Die Arbeitswelt des Chronisten

Der beobachtende Chronist vergangener Jahrhunderte flanierte ins Cafe, lehnte sich zurück, schlürfte dezent an seinem Café ole und betrachtete die condition humana von einem schmalen Stühlchen aus. Heute lehnt er sich immer noch zurück und auch der Kaffee ist noch da, aber seine Hand umklammert nicht mehr den France Soir oder die FAZ, sondern eine Maus. Die sozialen Phänomene nähern sich der schlecht übersetzten, alttestamentarischen Variante von „Logos“: Worte garniert mit visuellen Ausrufen. Der Logos tauscht Sichtbarkeit gegen Dynamik. Der Tanz wird wilder werden und vor Freude jauchzen wenn nur noch gilt:

Wolle die Wandlung. O sei für die Flamme begeistert, drin sich ein Ding dir entzieht, das mit Verwandlungen prunkt jener entwerfende Geist, welcher das Irdische meistert, liebt in dem Schwung der Figur nichts wie den wendenden Punkt. (Rilke)

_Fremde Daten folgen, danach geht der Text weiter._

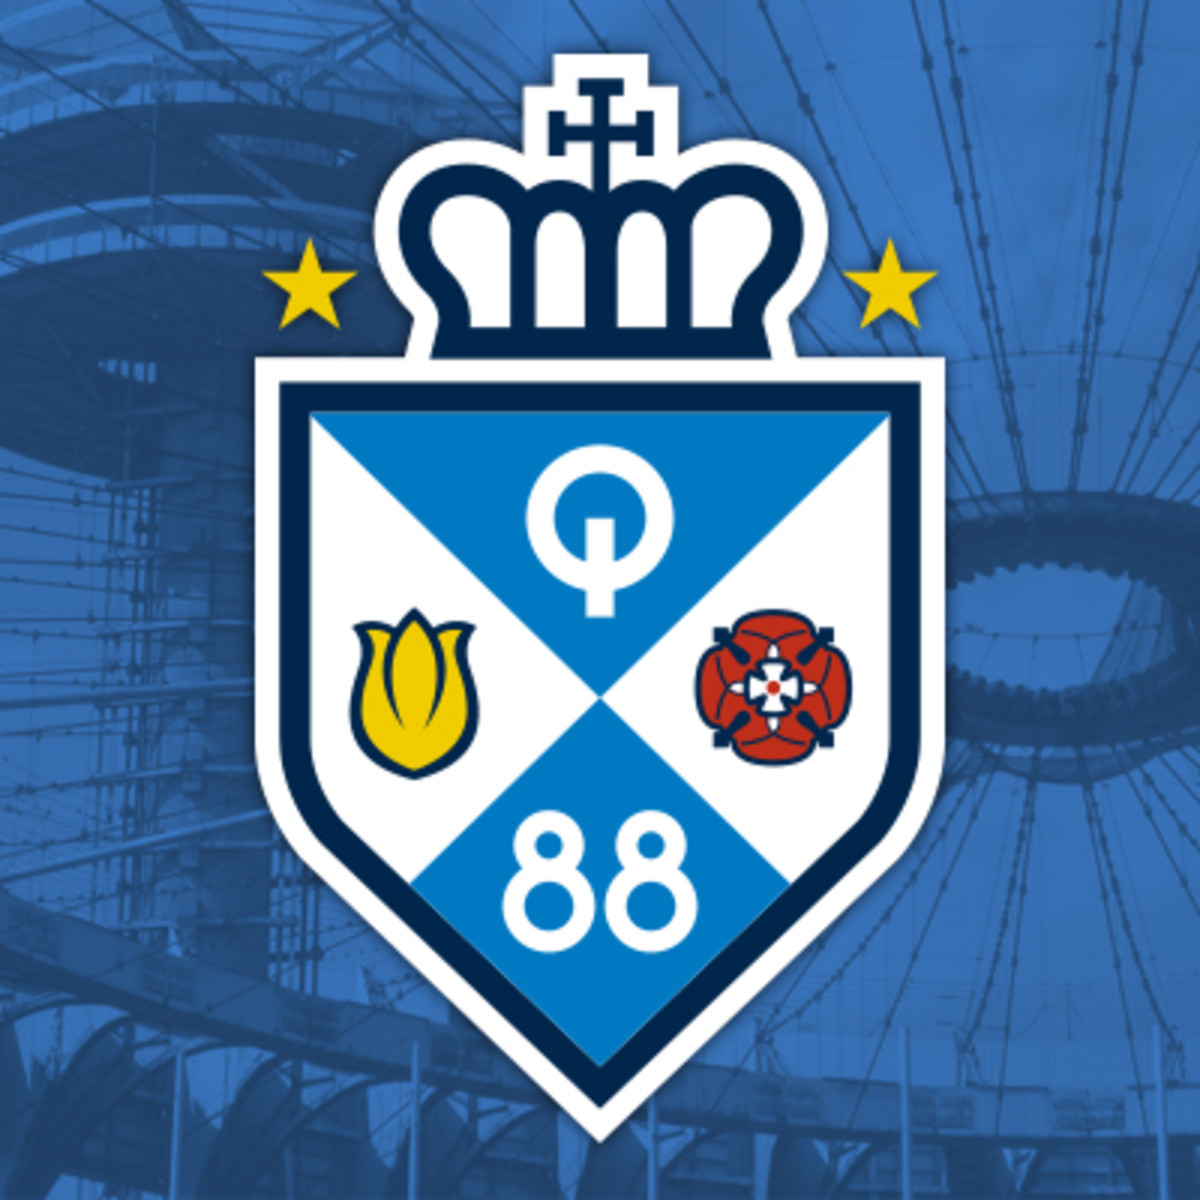 Soccer Team Logos

Zuerst erschienen im Mehrzweckbeutel (Gemeinschafstblog mit Mario Sixtus und Richie Gleim) am 16.2.2003

Wanderer in wandernder Landschaft

Sich in einer statischen Landschaft im Laufe des Lebens eine plausible Landkarte herzuleben, ist Stoff vergangener Skripte und Plots. Mit Intelligenz und Regelzeug war das in früheren Zeiten zu schaffen. Heute? Eine dynamische Landschaft. Dynamische Regeln. Ein changierender Horizont. Eine Leinwand die sich verändert und dennoch die klassischen Entwicklungsstufen abbilden muss. Thumbnails, die einen Film ergeben sollen. Hüpfen von Stein zu Stein, wie in einem irren Zengarten. Heute sinnvolle Verzweigungen, können morgen für Nachfolger eine Strasse ins Nichts bedeuten. Technologie und Poesie verschmelzen, weil beides interpretiert werden muss. Heraklit ahnte ja nicht, wieviel Rhei im Pantha sein kann.‘

Zuerst erschienen im Mehrzweckbeutel (Gemeinschafstblog mit Mario Sixtus und Richie Gleim) am 31.1.2003

Und ihr ruft nach Utopien … na toll

Ja was denn sonst!? Das ist doch genau der Raum um den hier gerade gekämpft wird. DIE usurpieren Technologie, indem sie das emanzipatorische Potential kastrieren weil sie darin nur die Möglichkeit sehen die Idee des Panoptikums im schlimmsten Benthamschen Sinne zu errichten. Auch bekannt unter „Dystopie“.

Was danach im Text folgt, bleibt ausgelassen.